The speaker leads will have ~6v on them all the time, but the RCA signal is the voltage we are talking about for say a 4v or whatever HU. The amplifier simply raises the voltage to 20v or 30v (+ and - power rails) or whatever it takes to get the wattage it puts out, so it will mimic the HU RCA voltage it just multiplies it. Assuming the HU does not clip and makes 4v output, the amps should reach their max unclipped output voltage the same time with properly matched gains. The point is as you have less than max output the voltage drops like a brick as does power usage due to the dB to watt difference. At low outputs the voltage changes far less, approaching max output it spikes up. As dB output goes higher it takes multiples of power to make more dB, so the volume control (audio taper) will output far more power as you approach max output. You will only see 4v on a 4v HU at max volume, the rest of the time you will see far less.

Amp 101 in case anyone needs to know: 
The speaker leads on a HU have 6v on them because that is the way to make an amplifier run on ~12v without a power supply.
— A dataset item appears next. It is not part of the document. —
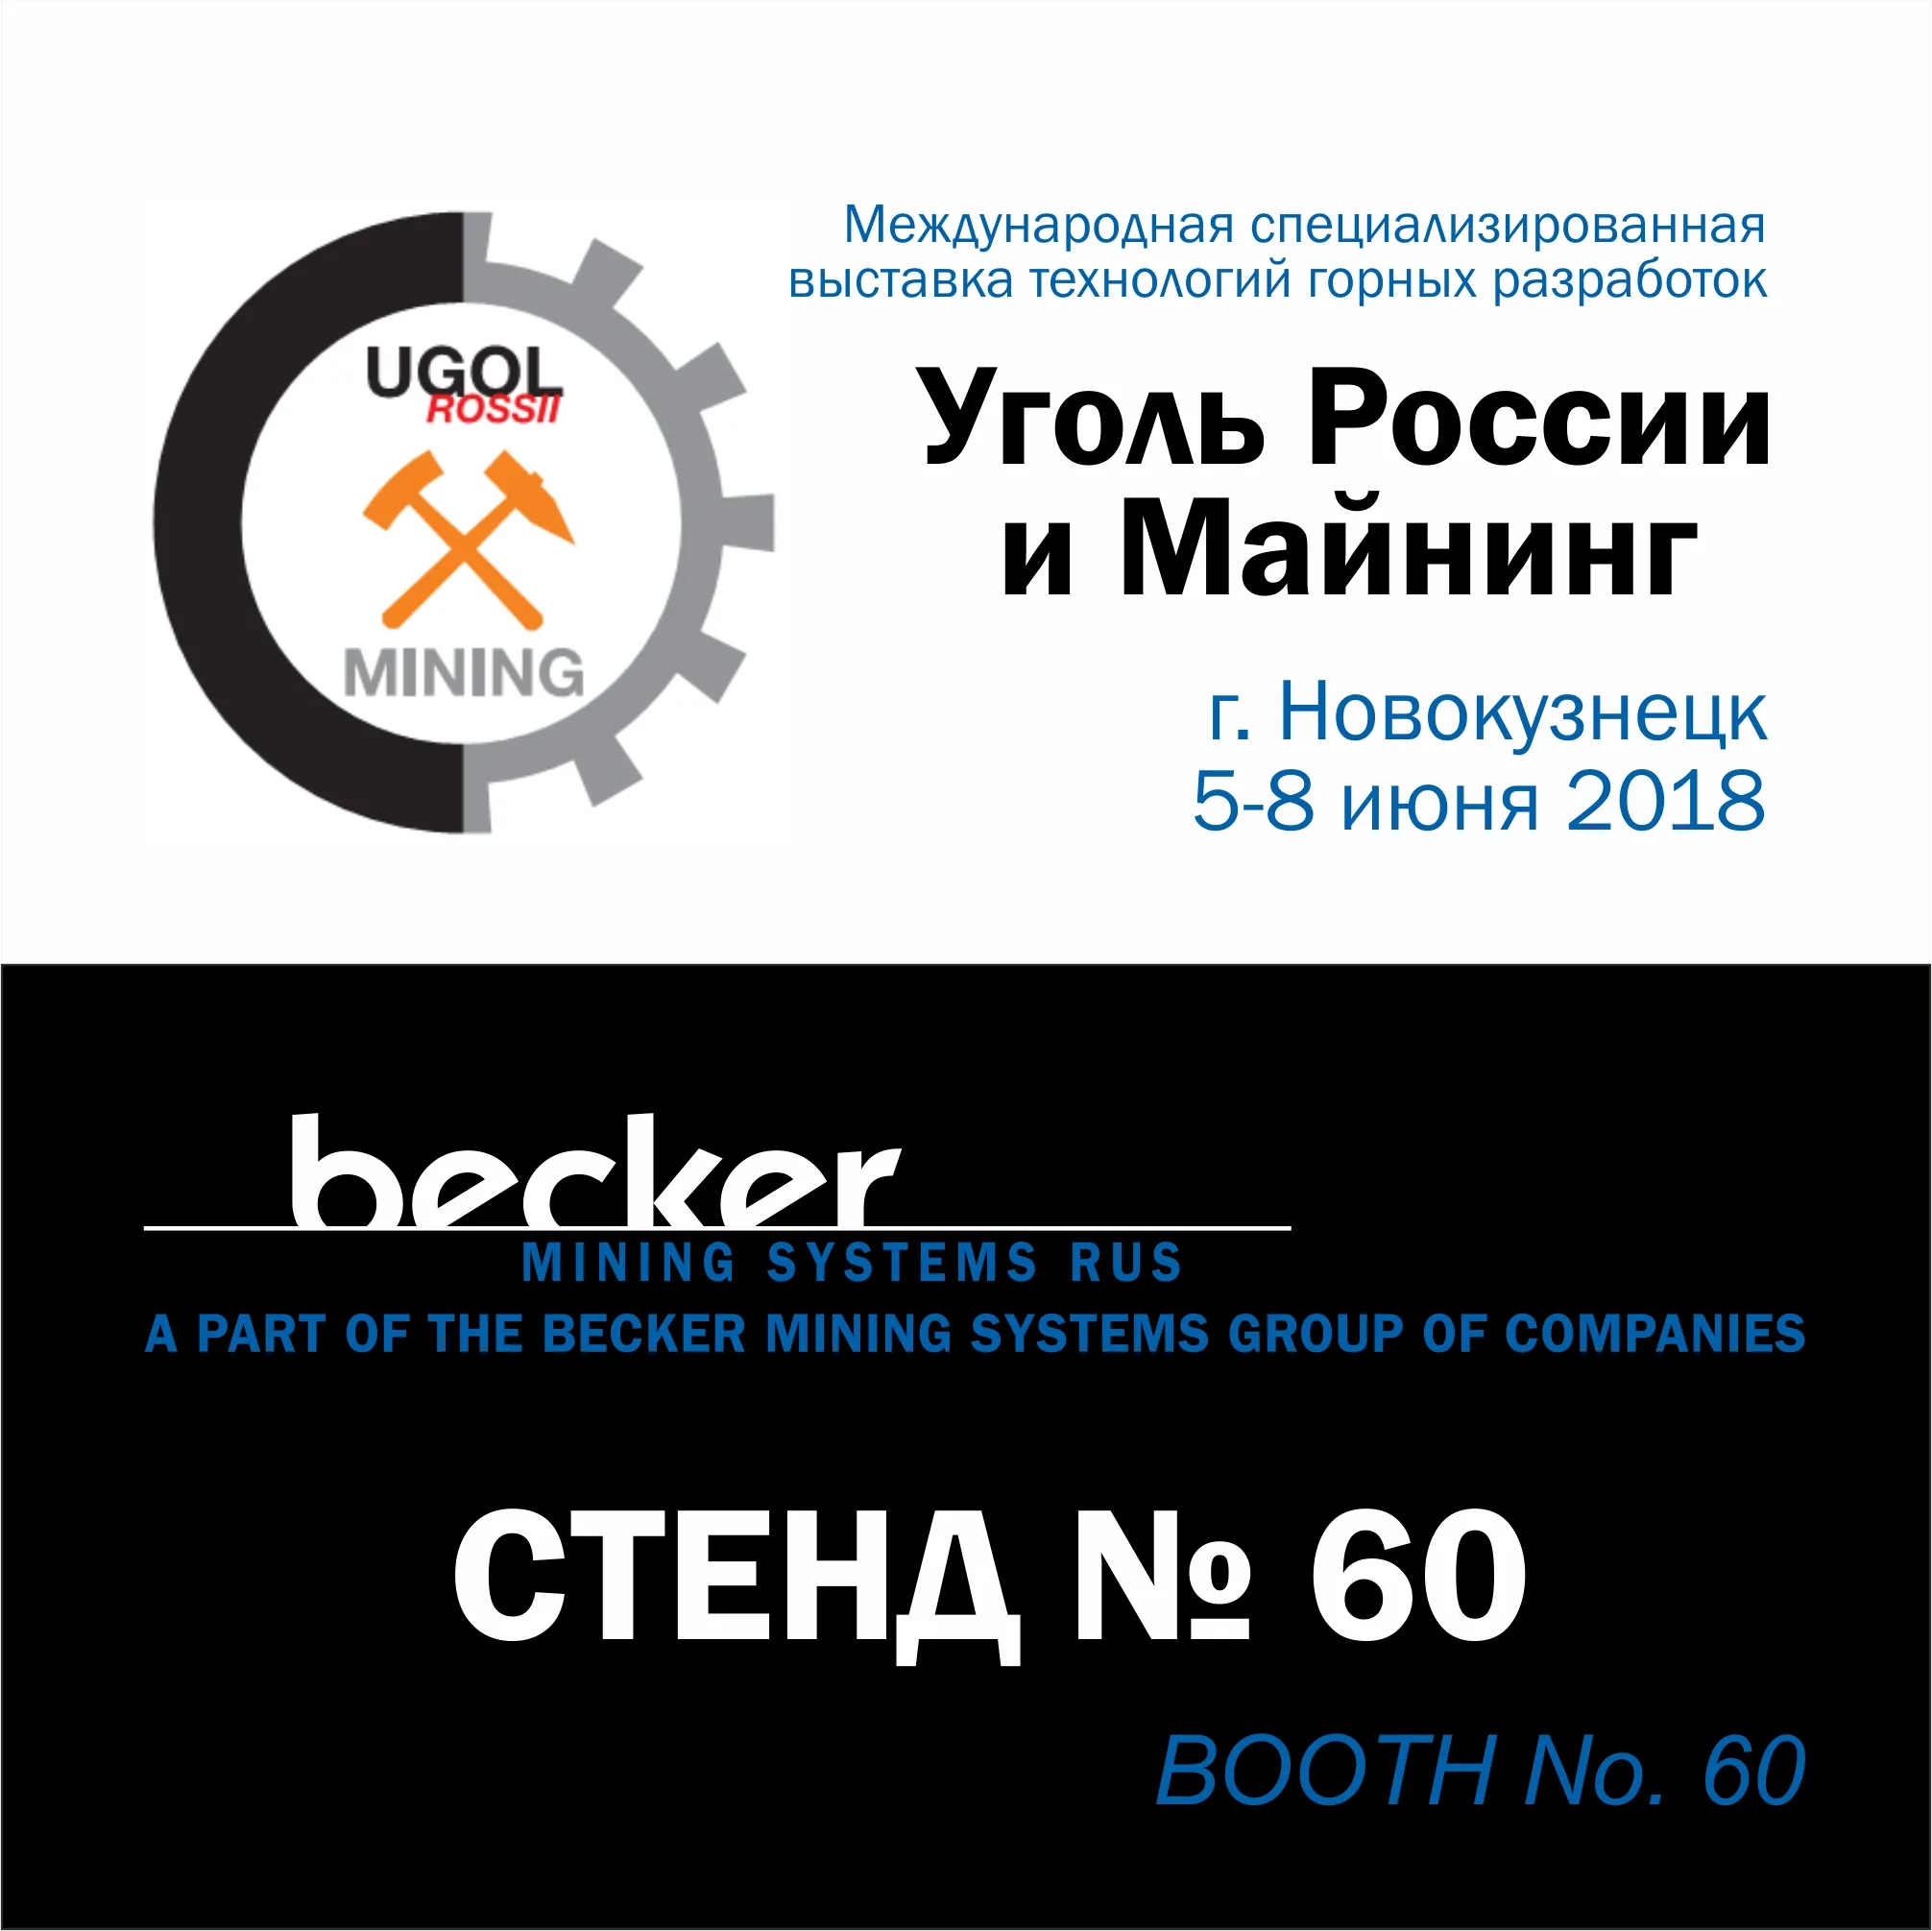 trade show and becker  logo of the trade show in russian

You need a + and - supply to move the speaker so you 'split' the 12v in half at 6v and use 12v for the positive rail and 0v for the negative rail. +/-6v gives you about 18wrms. A car amplifier is larger because it has a power supply with a transformer than provides maybe +/-20v or more, plus larger amplifier section to handle more power, plus a preamp section with the xovers and all that in it. Clipping is when the amp applies the entire rail voltage to the speaker at the top or bottom (+ or -) of the audio wave and it creates a flat spot on the peak. That spot makes distortion that was not in the music to start with. Clipping will always happen when an amplifier of any size has no more voltage left to apply to the speaker, of course bass notes take the most voltage because they move the speaker more. The actual current (such as RMS wattage) that passes through the speaker is determined by the impedance of the speaker and the amp's ability to flow that current at max voltage. Most amps can 'flow' rated current specs at rated ohms. Note that the AC voltage you measure out of the amp is different than the +/- rail voltage you would actually see on a scope in the waveform or measure on the rail inside the amp (except hybrids that vary the rails).

IIRC the old rub had flat fins as mine do, the Asian models had a double hump in the fins but were very similar. Isn't there now a new rub? Some say the humped rub was not much different than the original and are not bad amps, I don't know I'd rather a US made amp so I got those. Yes that little 302 rocked on a single 12 and I was temp running it on a 8ga wire off of the fuse box lol. It went loud but was a spl sort of sub in a sealed that I didn't like.


----------



## azvrt (Nov 11, 2010)

Thanks for the info.

Regarding the Rubicons, in some cases the Asian made second gens (yes with the strange 'wave' in the heatsink) have the same internals as the USA made first gens.

They first used original Rubicon boards for these amps until they ran out, then used newly made boards. The newly made boards resemble the originals quite a lot I believe, so they should not be bad amplifiers.
There's even a Made In USA mentioned somewhere on these amps or their boxes. Rumors say final assembly might have been done in the USA, in that case it would not be a 100% lie 

It all depends whether you prefer your amp has been assembled by a barely paid 11-year old Asian kid or an underpaid immigrant 
No, what really matters is the quality of the board and its components.


----------



## 07azhhr (Dec 28, 2011)

sqshoestring said:


> The speaker leads will have ~6v on them all the time, but the RCA signal is the voltage we are talking about for say a 4v or whatever HU.


This makes more sense then the wires actually being low level inputs. I just bought my HHR and joined up on a HHR specific site so when multiple threads were found saying the input to the amp were low level I just trusted/assumed that they might know what they were talking about. This also explains why these wires made an older amp of mine smoke on the input side.


----------